Currently, however, the foundations of chiropractic research are growing, and chiropractors are increasingly recognizing the need to contribute to the scientific knowledge base, examining basic mechanisms of subluxation pathology, manifestations of the "subluxation syndrome", and the processes involved in correcting these lesions.

CONCLUSION
Chiropractic theory grew directly out of a working relationship between doctor and patient. One could say that the concept of subluxation was created to justify and explain the adjustive procedure utilized to correct it. The situation is similar for any clinical discipline, Science is a tool to be utilized and applied to the understanding of clinical experience. From a clinician's perspective, there is no greater need than to understand what he or she is doing and how to make it better.
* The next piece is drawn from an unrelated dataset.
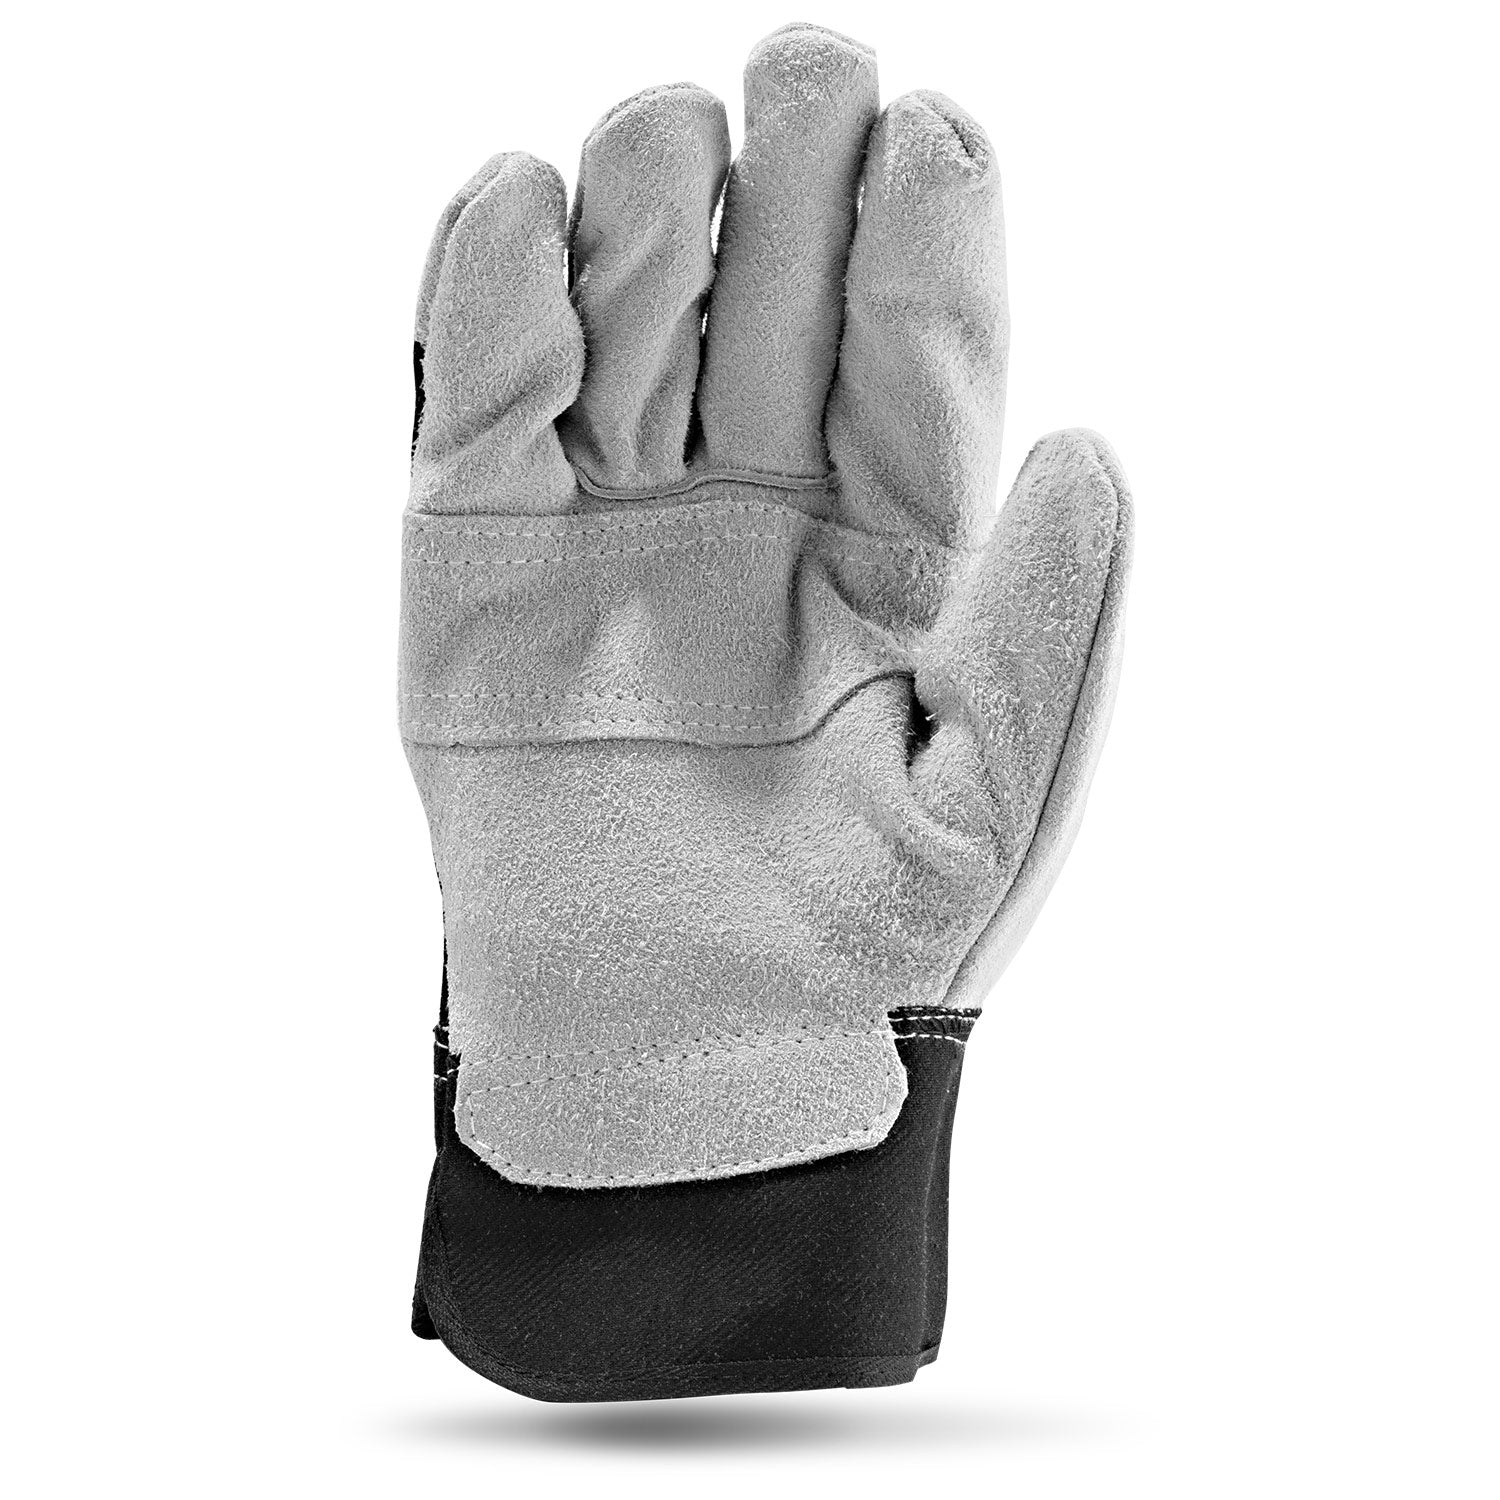 LIFT Safety - Split Leather Glove

If the concept of 'vertebral subluxation complex' cannot be placed in a physical perspective (ie, anatomy, physiology, epidemiology, biochemistry), then the profession may experience limitation in its true growth. Chiropractic is increasingly in the spotlight of public awareness.
With such "celebrity" status comes greater scrutiny and increasing demand for accountability from the public chiropractic serves. Although clearly not all questions have been answered, the tools and resources needed to obtain answers are more available to chiropractors than in earlier decades. The playing field has never been more favorable. However, with victory and recognition come responsibility.
The responsibility of the chiropractic profession is to provide answers for some very important questions. Chiropractic needs a solid foundation on which to build a sound clinical practice.
The current direction of the development of the vertebral subluxation complex may help to define and anchor that foundation. Although it is both incomplete and imperfect, 'subluxation' still offers a common conceptual model to describe the theory and practice of chiropractic. Attention and focus devoted to a comprehensive approach to VSC model building can serve as a common frame of reference for chiropractors everywhere well into the profession's second century.